Hassle-free Bankrolling

How long did it take your Republican-dominated Orange County Board of Supervisors to give a Newport Beach businessman a $61,000-per-month contract renewable for the next 20 years?

Five seconds.

At a June 2006 board meeting, clerk Darlene Bloom announced “Item 103.” She mentioned CNH LLC, but not its owner, Alfonso G. Cordero; Cordero's big donations to the Orange County Republican Party, President George W. Bush and the Republican National Committee; or that he'd be the lucky recipient of a potential $15,615,360 in taxpayer money.

Supervisor Bill Campbell spoke first: “I move the item.”

Supervisor Tom Wilson: “Second!”

Campbell: “All in favor?”

“Aye,” all five supervisors said in unison.

Campbell: “Next item, please.”

Board members have spent more time debating what color to paint their top-floor executive-office suites than their generous deal with Cordero.

So what would cause supervisors to spend a massive sum of money without pausing for a single comment, question or explanation? Sensitive homeland-security equipment? A vital new road? Additional teams of private lawyers to handle our frisky sheriff's sexual-harassment and ethics issues?

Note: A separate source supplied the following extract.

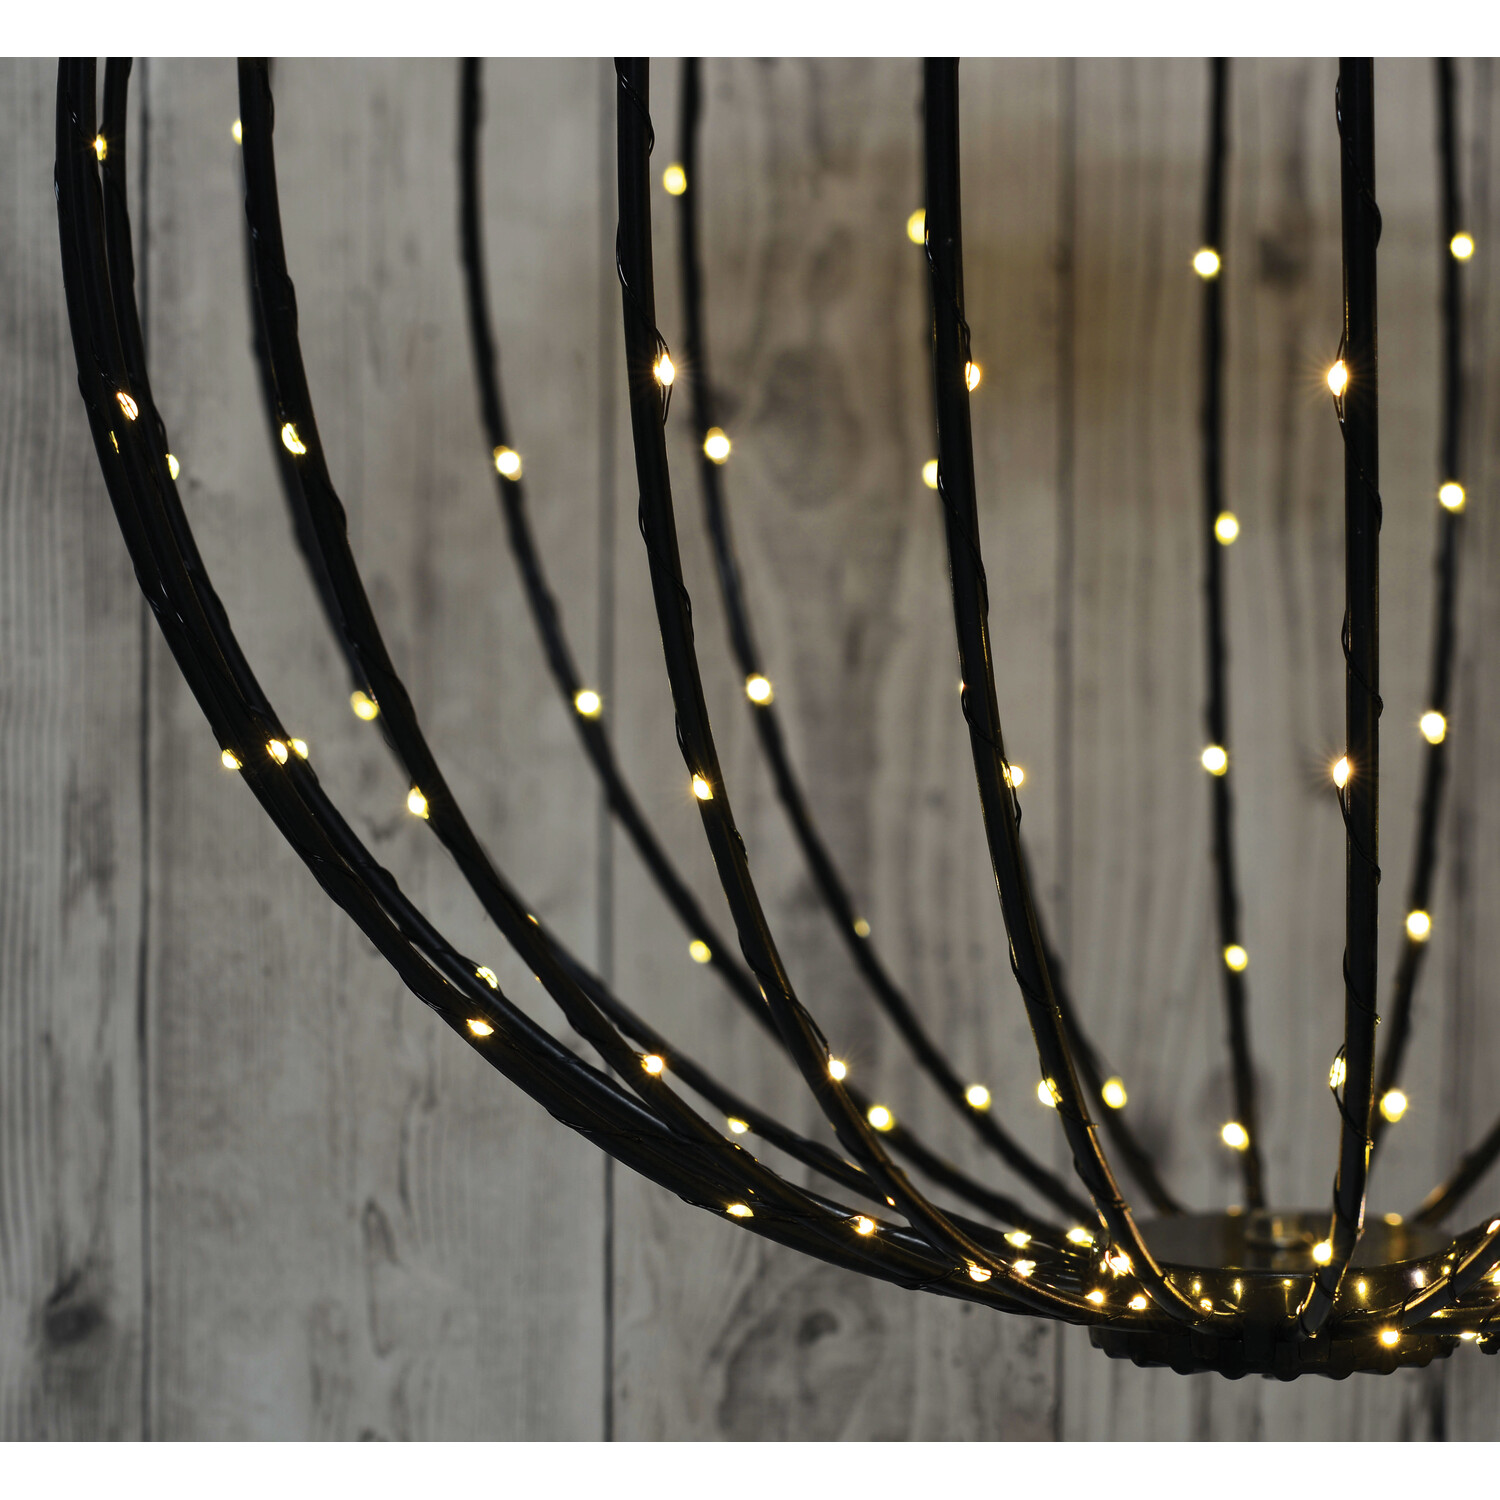 LED Christmas Light Ball - Black Image 3

No. They spent the money to lease “file storage space” for court records.

But, you might guess, the supervisors must have approved the deal after carefully analyzing whether buying a warehouse outright would be cheaper, right?

No, there was no analysis.

So the contract isn't a good deal for taxpayers?

Nobody doubts Superior Court administrators need more space, but numerous other sites were available to lease for substantially less money. In fact, our review of similar-sized properties found sites for a whopping $20,000 to $30,000 less per month. Provisions of the lease allow Cordero to make $69,402 a month by the 10th year of the pact, which can be renewed for an additional decade.

Perhaps supervisors had insisted on putting the lucrative contract out for bid, and despite strenuous publicity efforts, nobody was interested in the cash?

Nope. There was no publicity about the project. Thomas G. Mauk's county CEO office says its spending rules didn't require public bids, so they didn't bother to shop for the best price.

Surely, Moxley, you're leaving something out, aren't you?

Yes, the lease was placed on the agenda at another public meeting on Jan. 30, 2007. But again, there was no debate. County staff buried the item on the consent calendar (non-discussion agenda items that are approved in bulk), and who would have known anything was fishy? The agenda failed to mention the $61,000-per-month cost.

But isn't the lease practical because the new storage space is in close proximity to court administrators based in Santa Ana?

Sorry, no. The supervisors ignored more than a dozen nearby properties and instead chose a building 8.2 miles away in Campbell's district.

Aren't taxpayers going to save money because the bureaucrats can stop leasing other file-storage facilities—the ones within three blocks of the central courthouse?

No. We're still paying for those, too.

Cordero—the founder of Irvine-based Powerwave Technologies Inc. and various other corporate outfits—must be pleased. Thanks to our supervisors, he could get more than $15.6 million in lease money for a property worth just $7.4 million, according to county assessment records.

The gap will help support Cordero's new nine-bedroom, 22,000-square-foot Mexican oceanfront estate, as well as houses in Nevada, West Palm Beach, Laguna Beach, Laguna Niguel, Irvine, Newport Coast and Newport Beach.

Supervisor Campbell said the Irvine contract “doesn't jog my memory particularly” and confirmed that county real-estate lease rules don't require public bidding.

“We define what we want, go out, look at the market, and then negotiate,” said Campbell. “Now that I've checked on this property [following the Weekly's questions], I think what I was excited about was that the escalation in the lease was only 2 cents per square foot each year. That's not bad.”

But why no public debate or analysis of competing properties?

“I can see what you're saying,” he said.